## Material provided

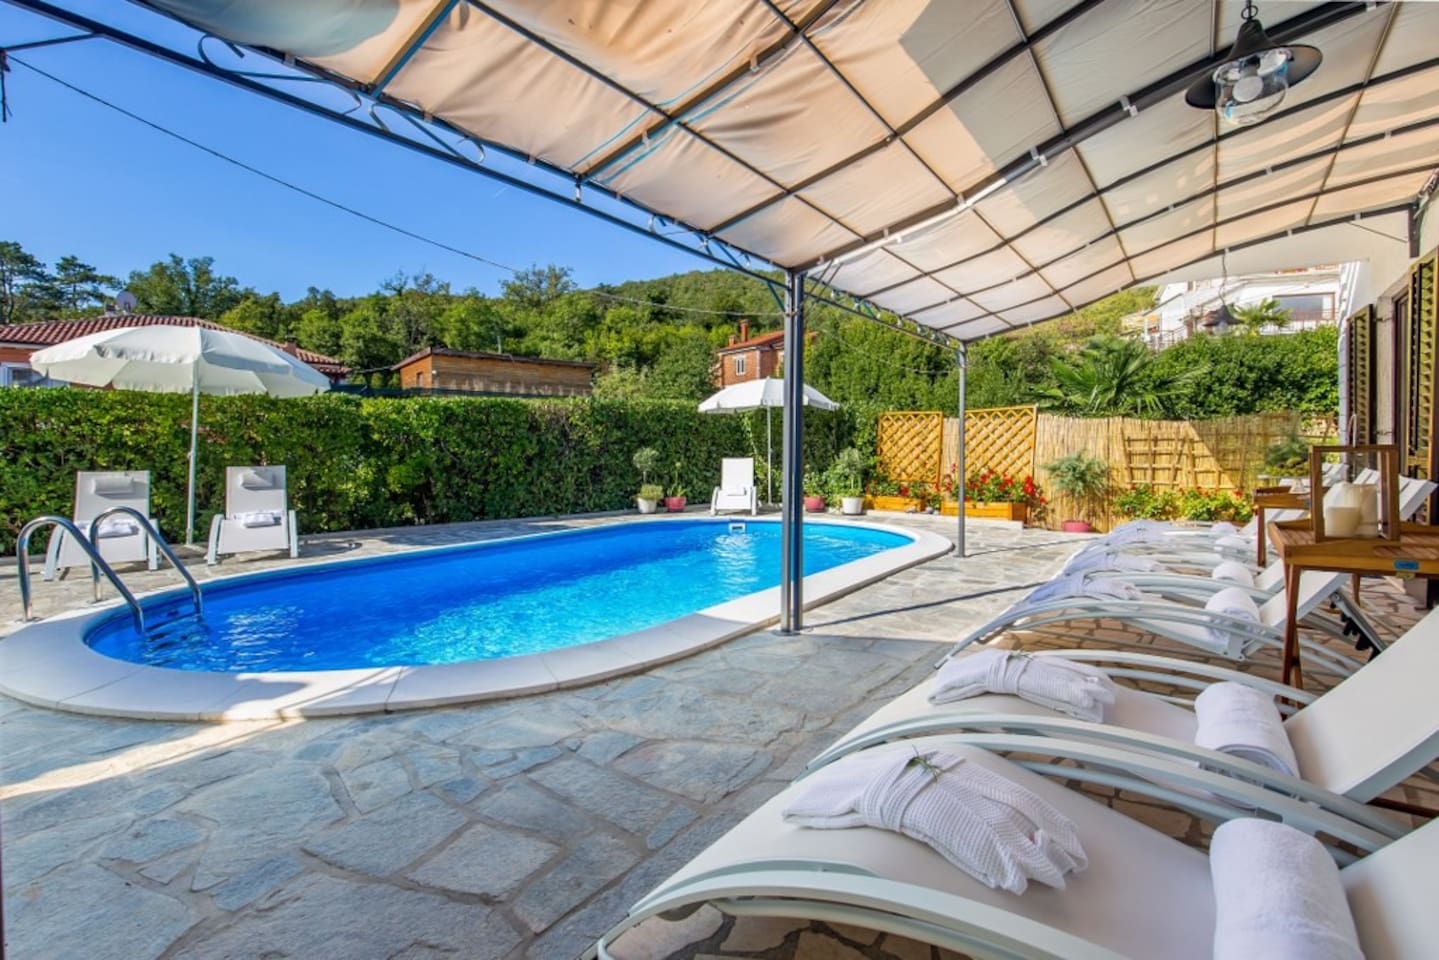 Private pool 7 x 3,5 m :-)
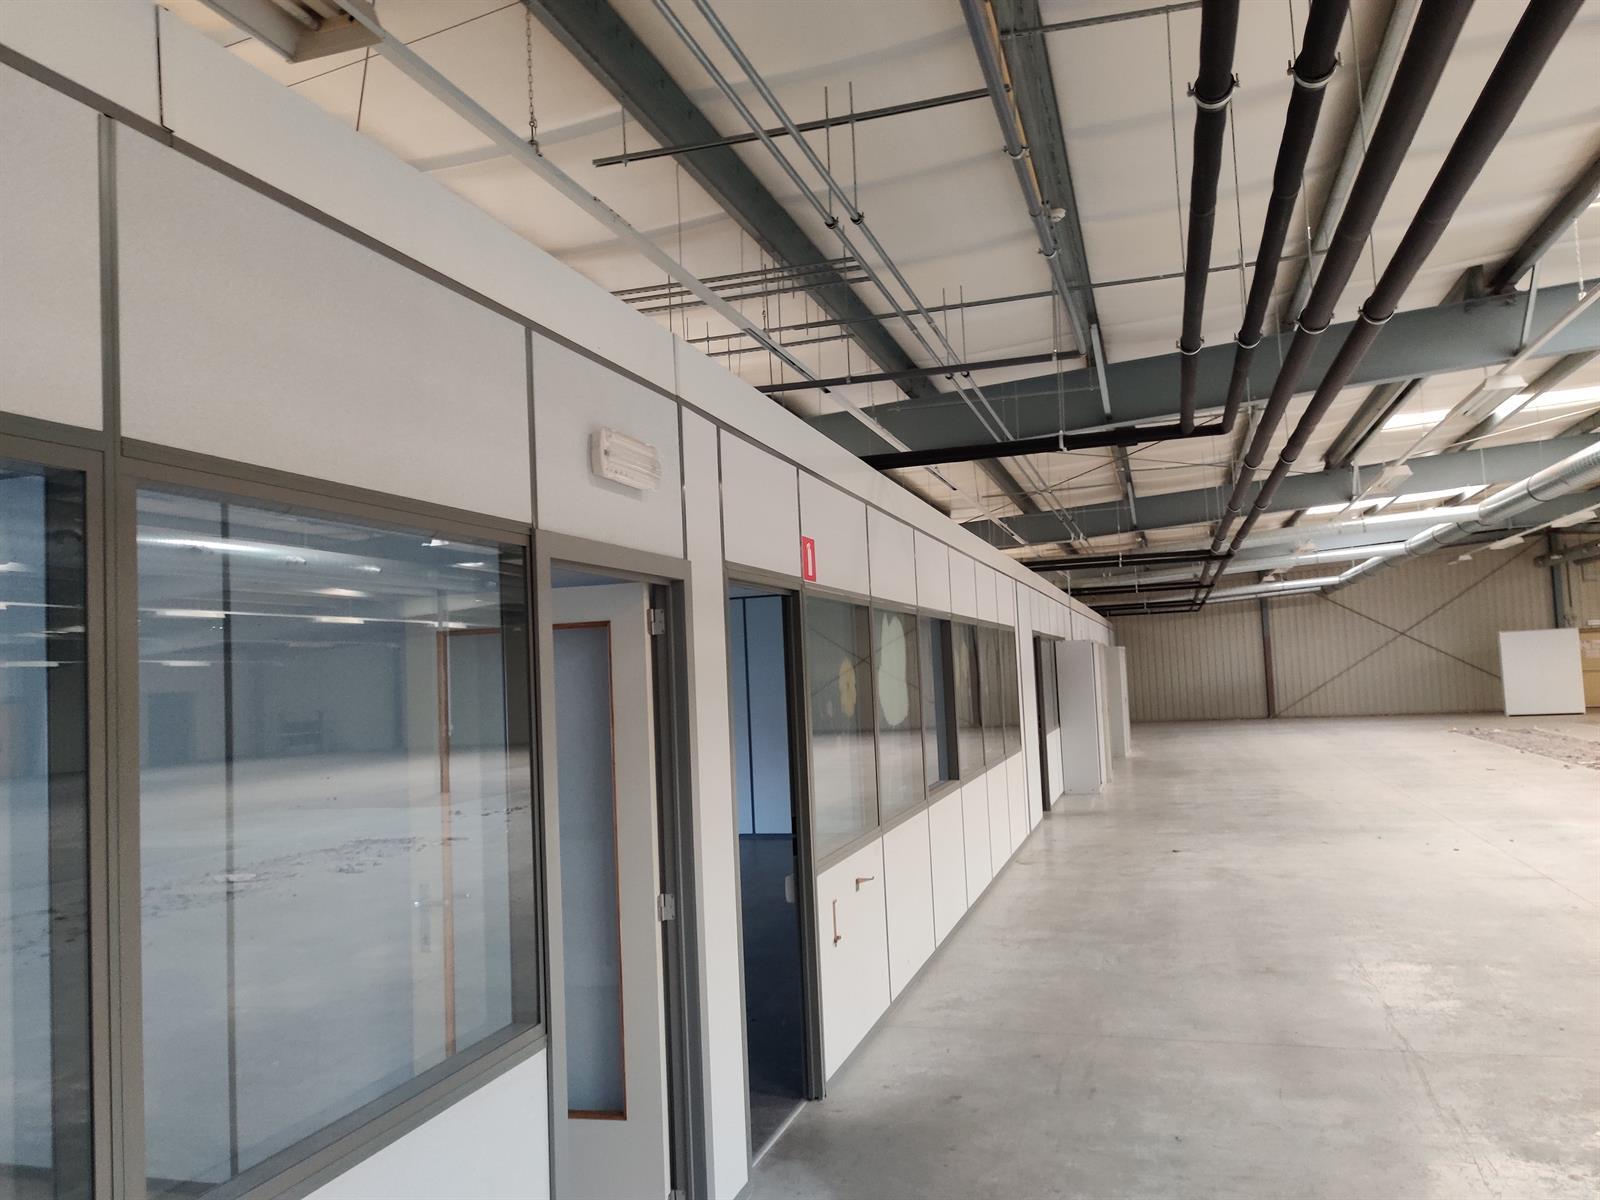 gebouw voor gemengd gebruik te huur I173 - Quatrieme Rue , 6040 Charleroi Jumet, België 28
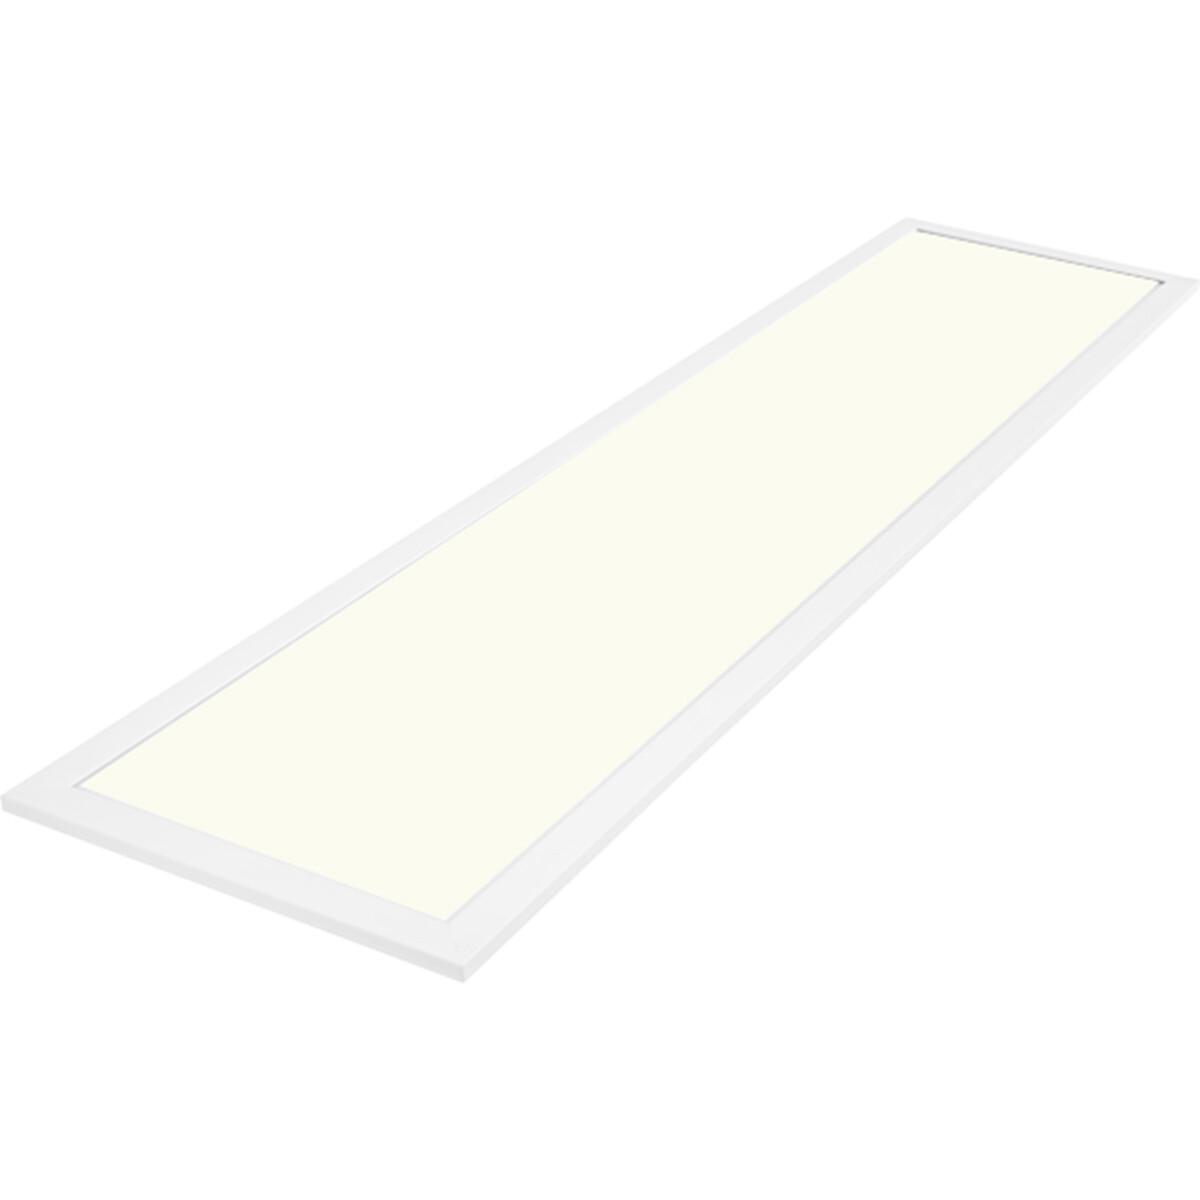 LED Paneel - Aigi - 30x120 Natuurlijk Wit 4000K - 40W Inbouw Rechthoek - Mat Wit - Aluminium - Flikk
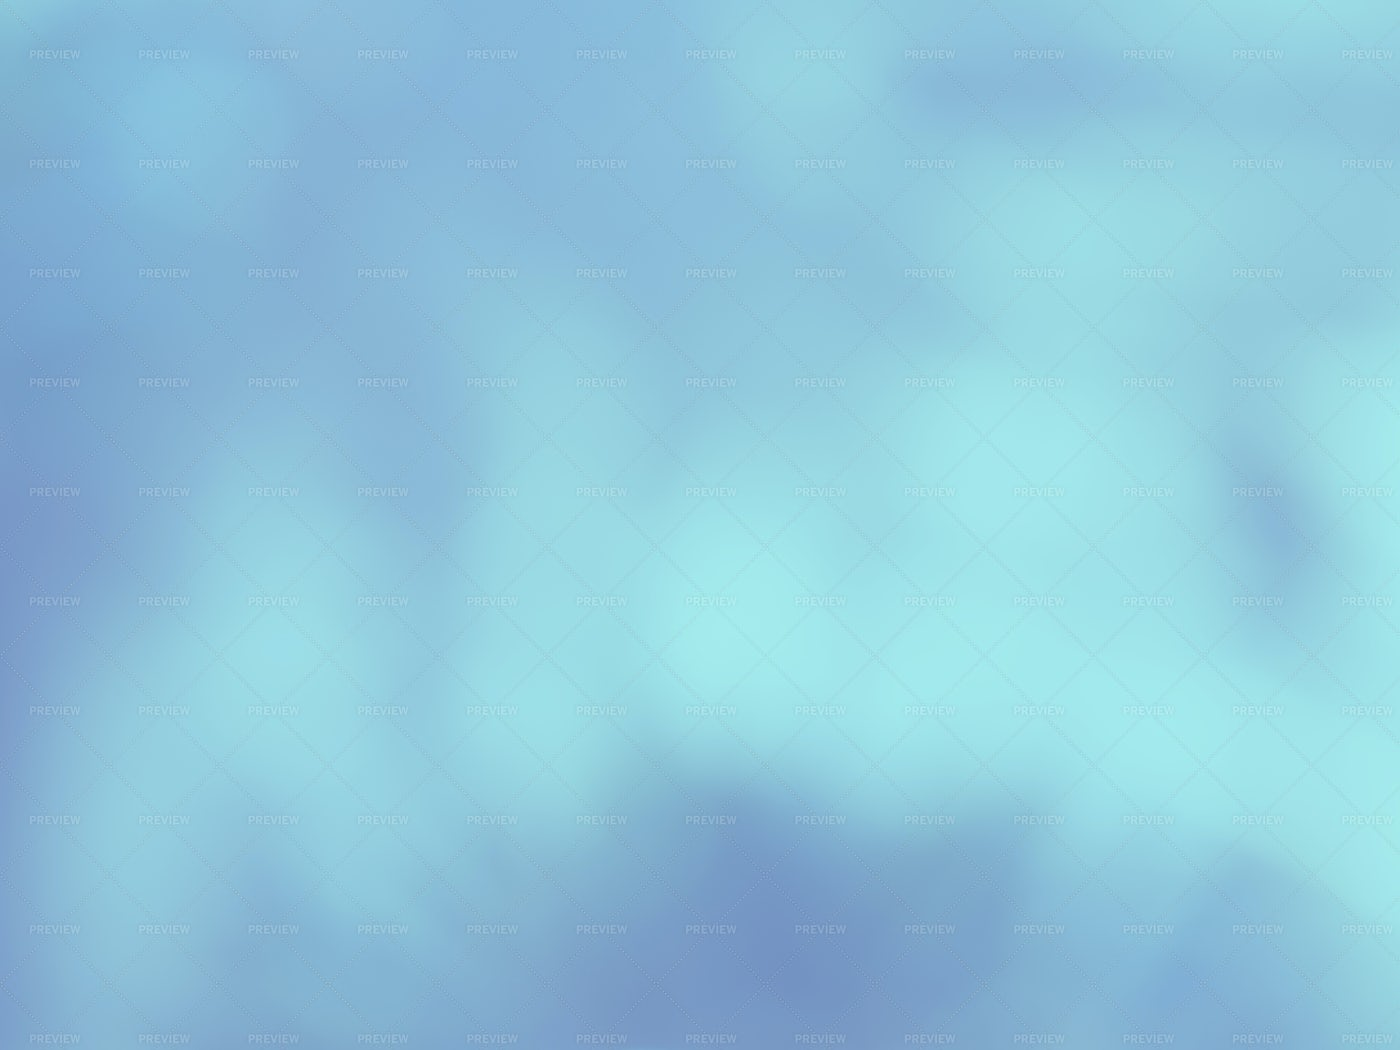 Abstract Metallic Blue Background: Stock Photos

## Activity
Please repeat every line of the material above exactly and without its pictures.

## Exercise solution
 Private pool 7 x 3,5 m :-)
 gebouw voor gemengd gebruik te huur I173 - Quatrieme Rue , 6040 Charleroi Jumet, België 28
 LED Paneel - Aigi - 30x120 Natuurlijk Wit 4000K - 40W Inbouw Rechthoek - Mat Wit - Aluminium - Flikk
 Abstract Metallic Blue Background: Stock Photos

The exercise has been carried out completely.